** Opening DATA block **
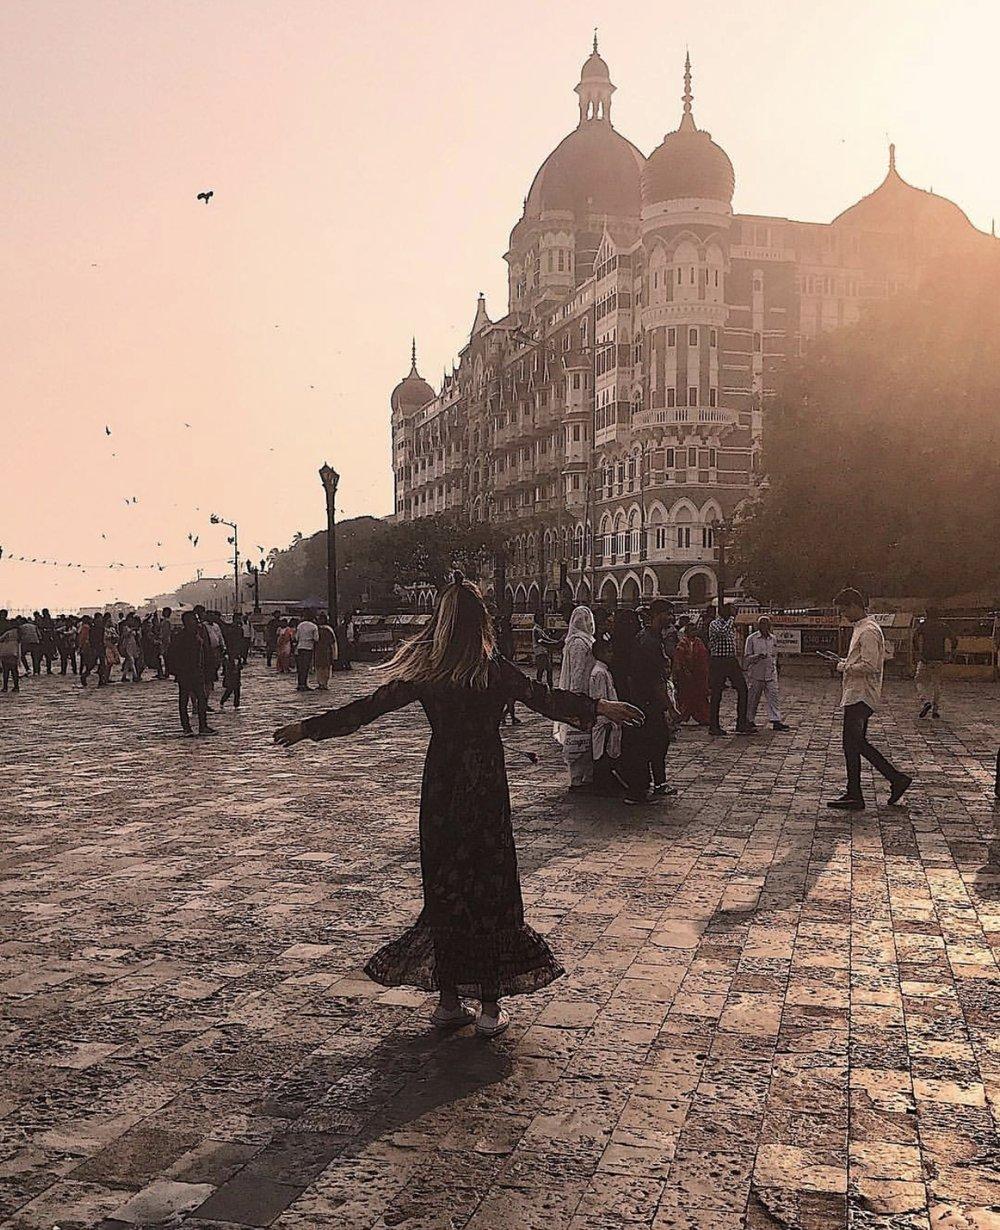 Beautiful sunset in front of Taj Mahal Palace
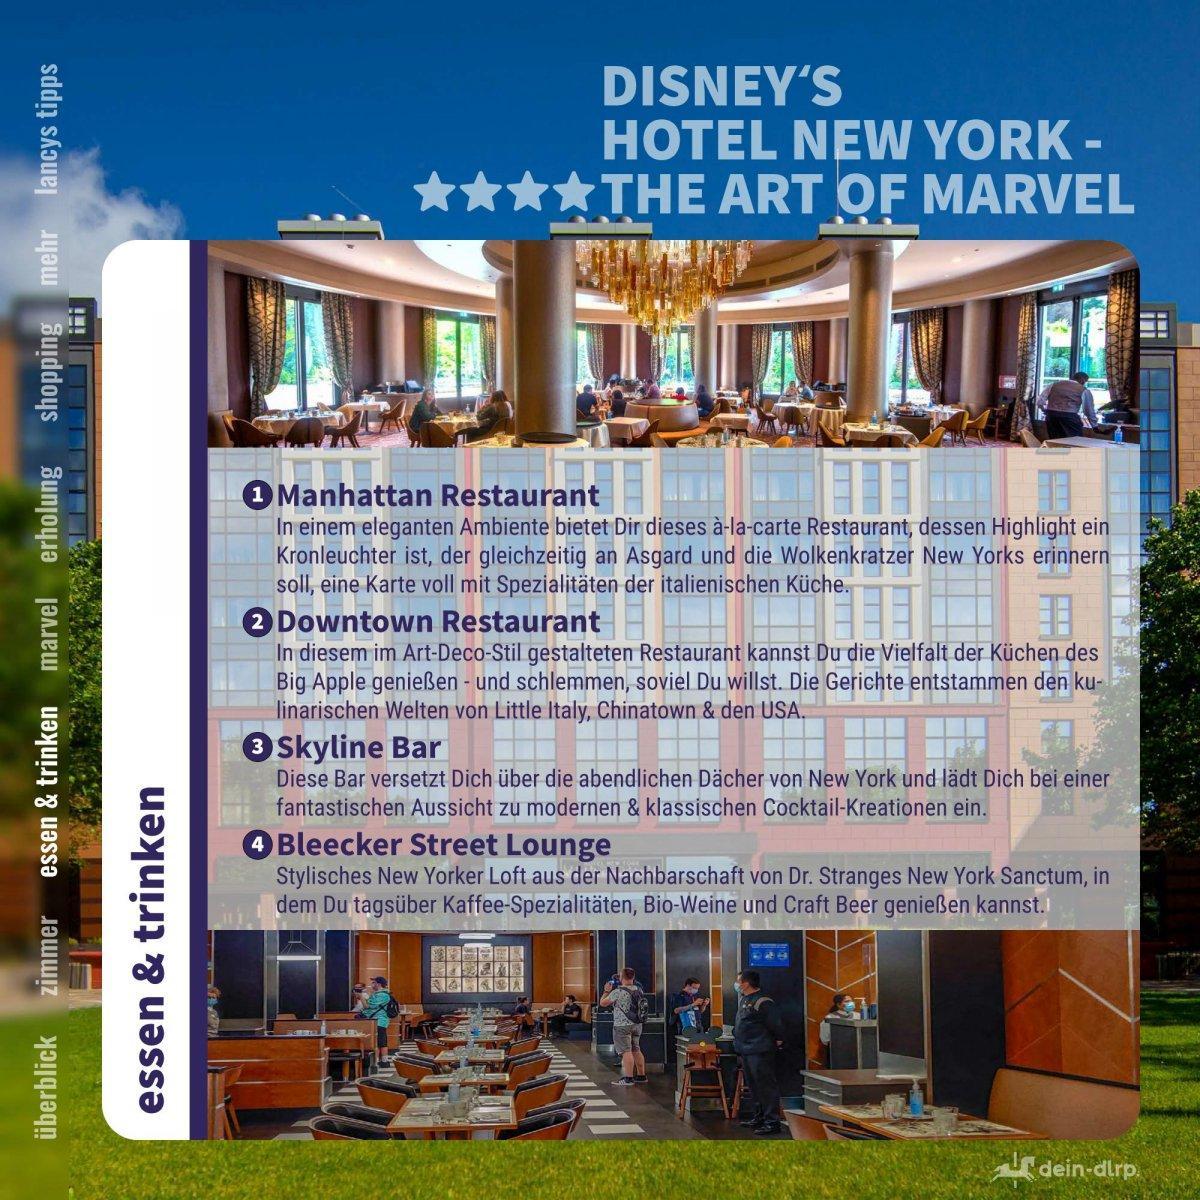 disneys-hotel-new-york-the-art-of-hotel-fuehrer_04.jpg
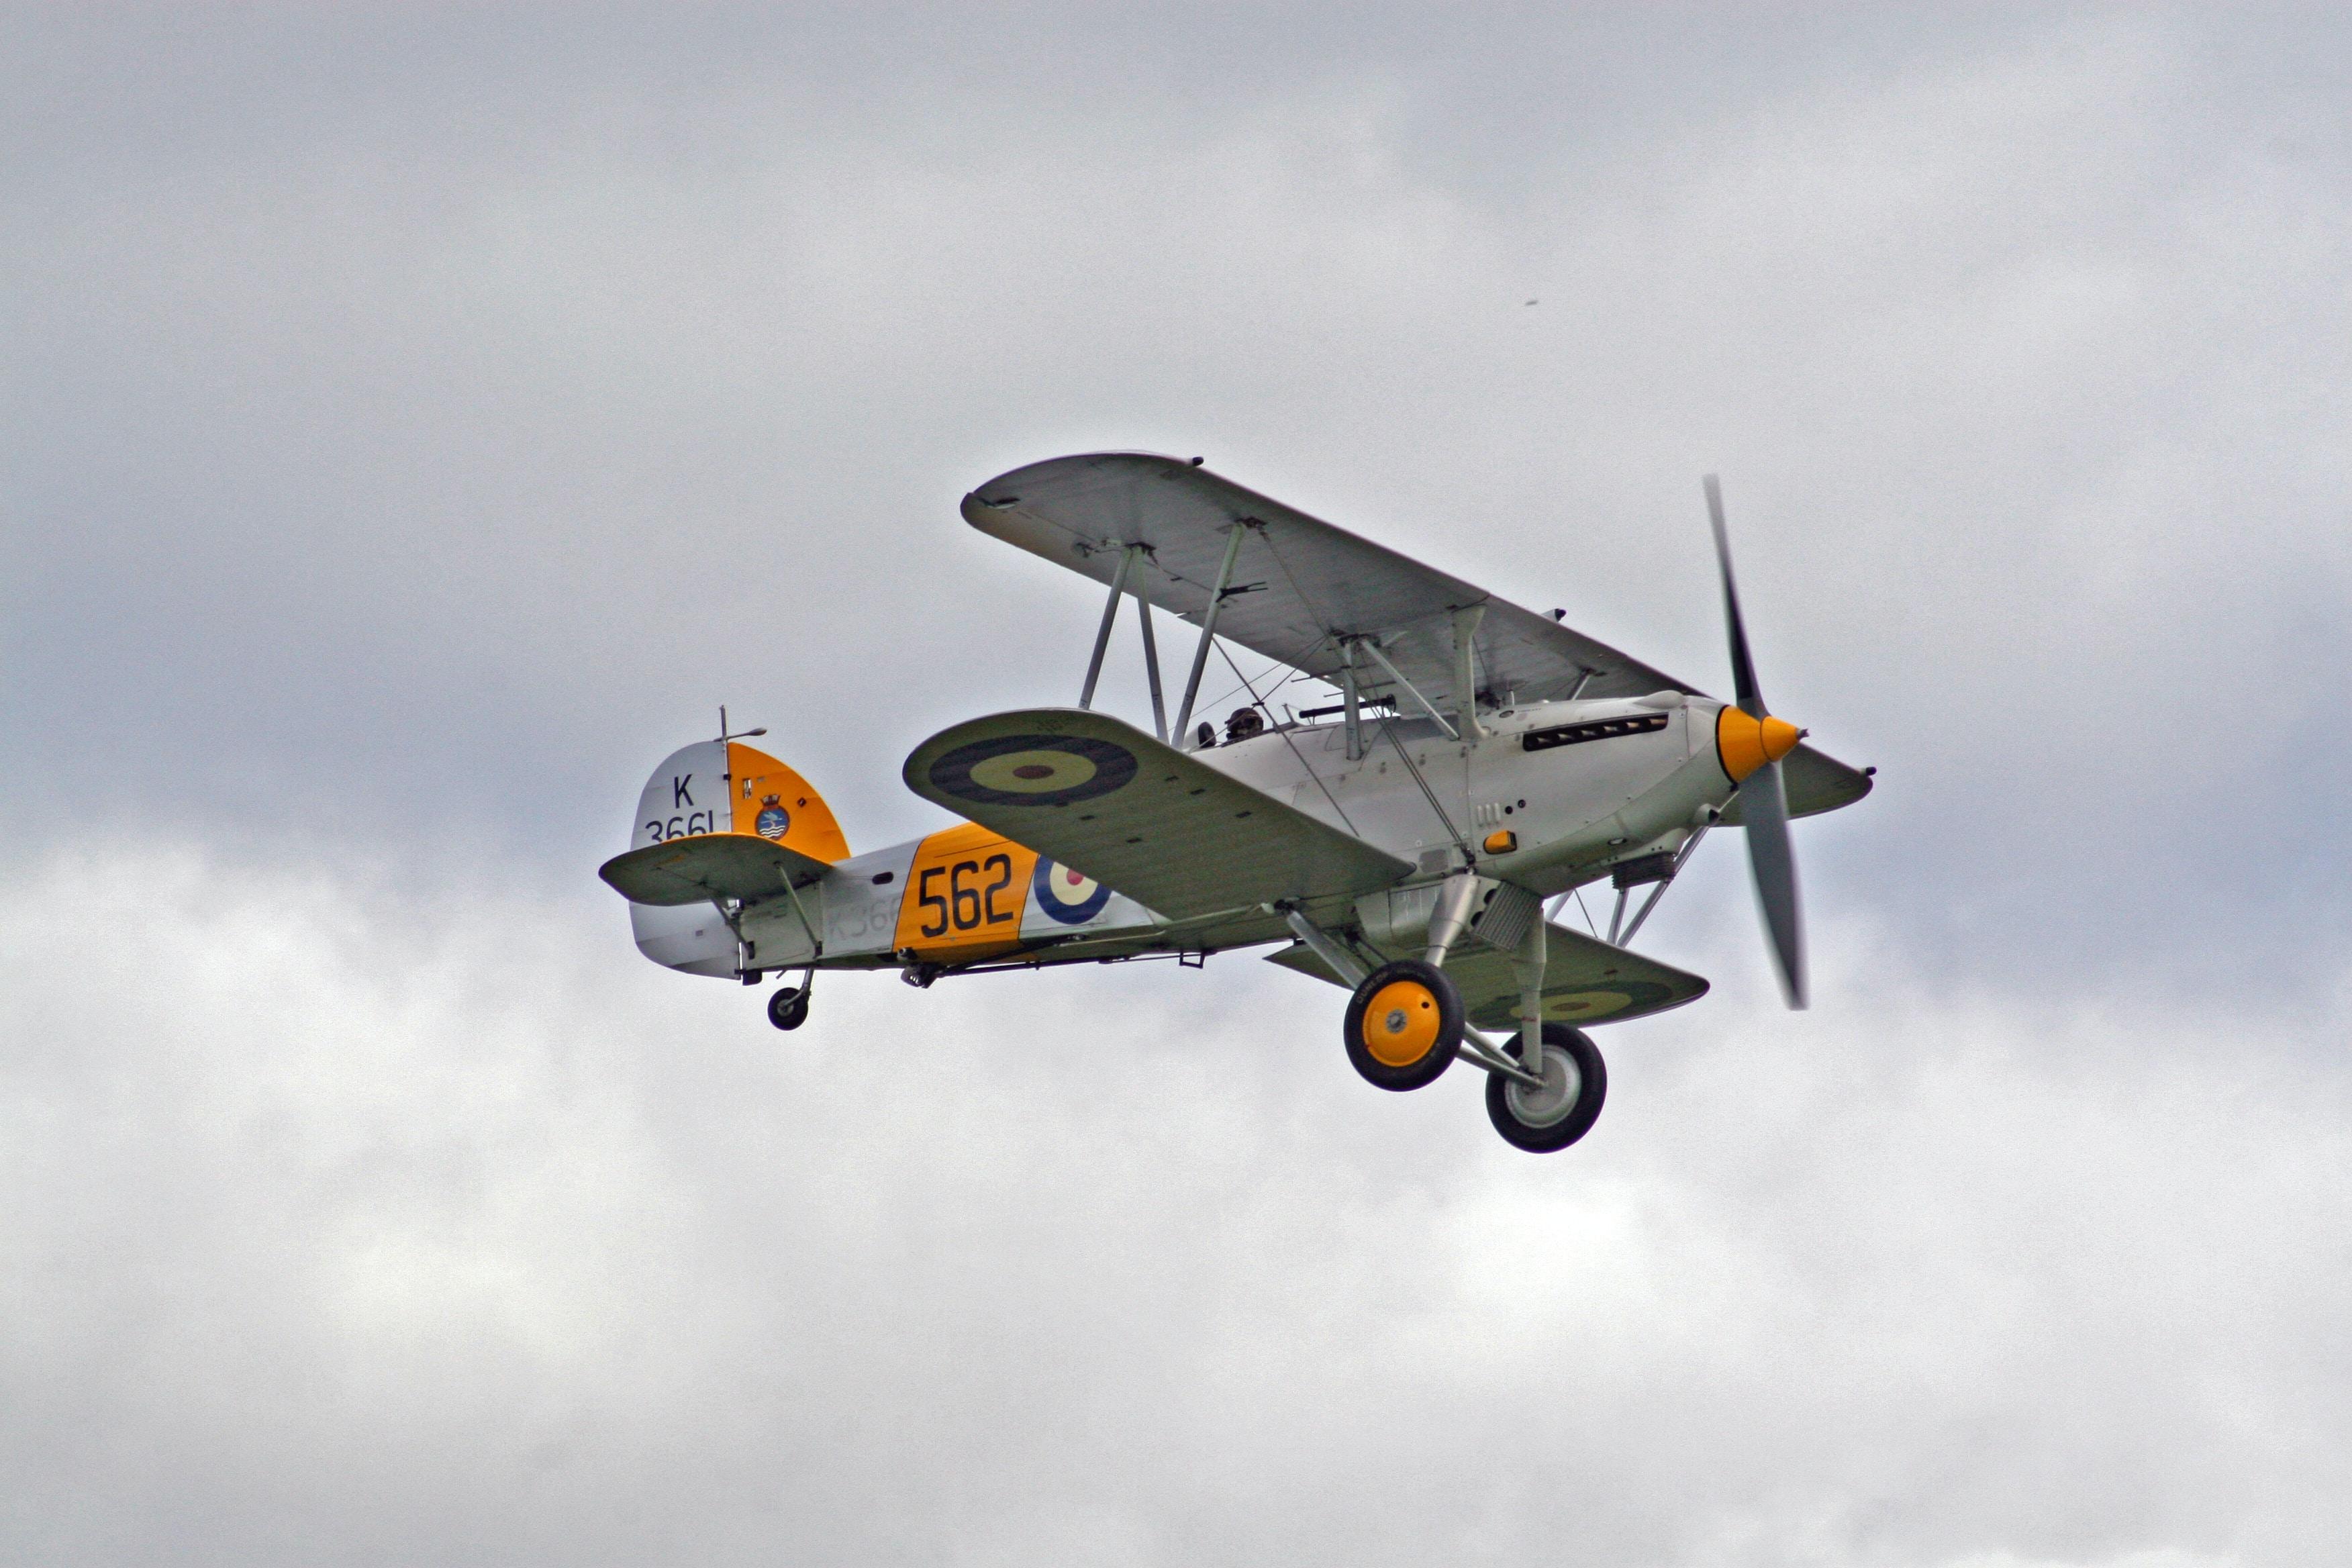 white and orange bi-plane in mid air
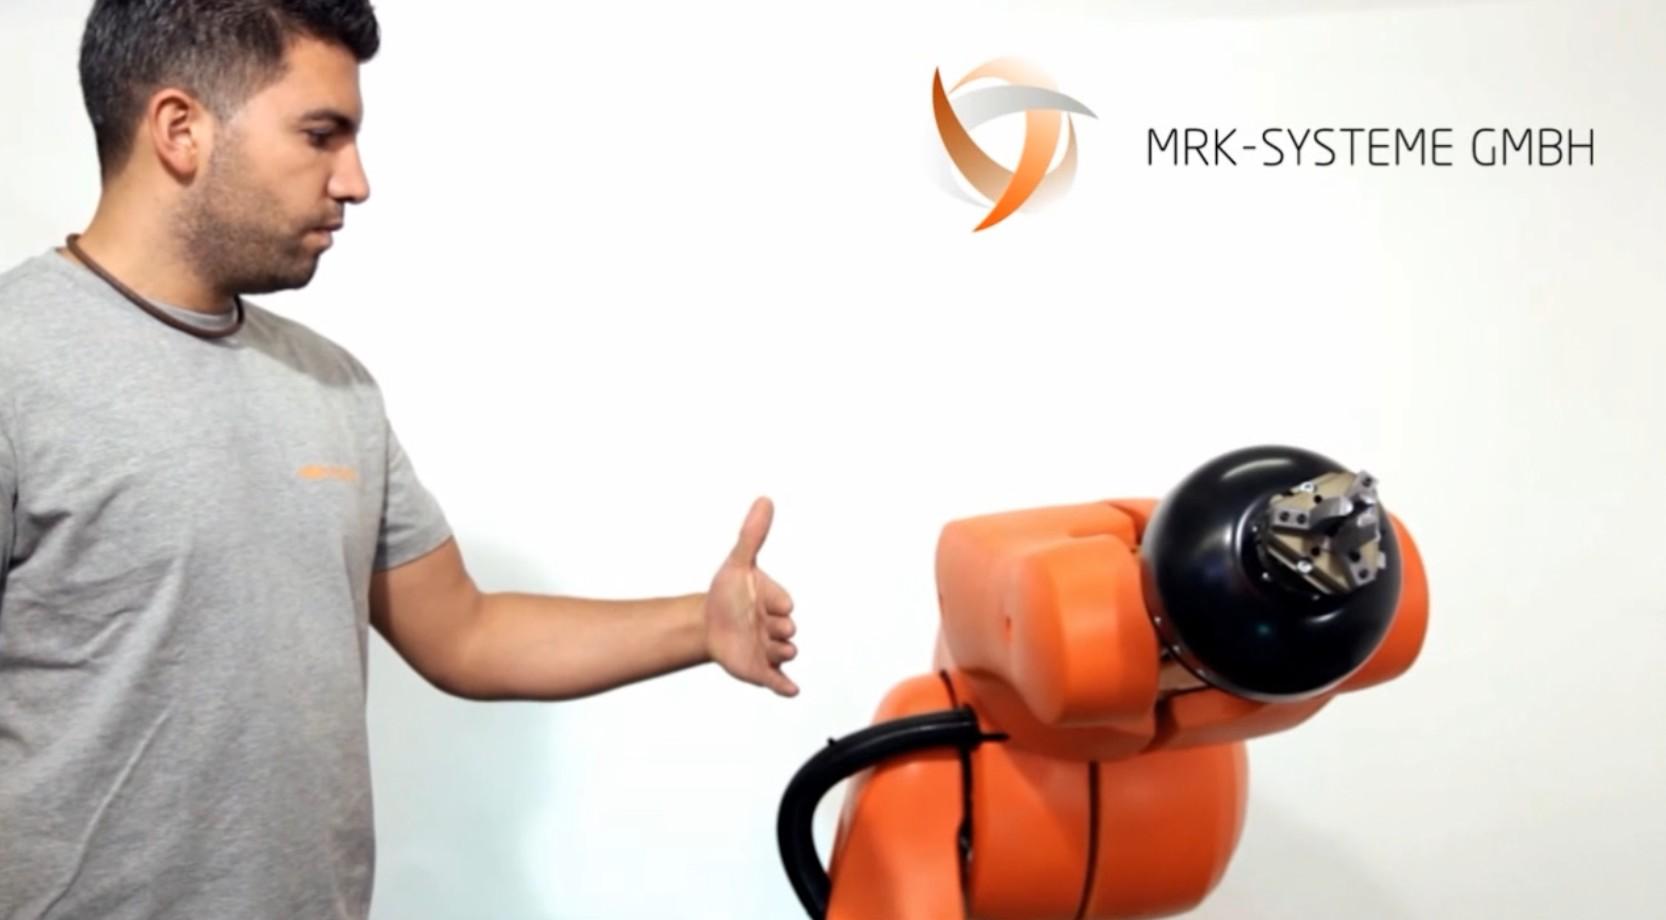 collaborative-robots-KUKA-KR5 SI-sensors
** Closing DATA block **
The response consists of the data above printed line for line, with no pictures.

 Beautiful sunset in front of Taj Mahal Palace
 disneys-hotel-new-york-the-art-of-hotel-fuehrer_04.jpg
 white and orange bi-plane in mid air
 collaborative-robots-KUKA-KR5 SI-sensors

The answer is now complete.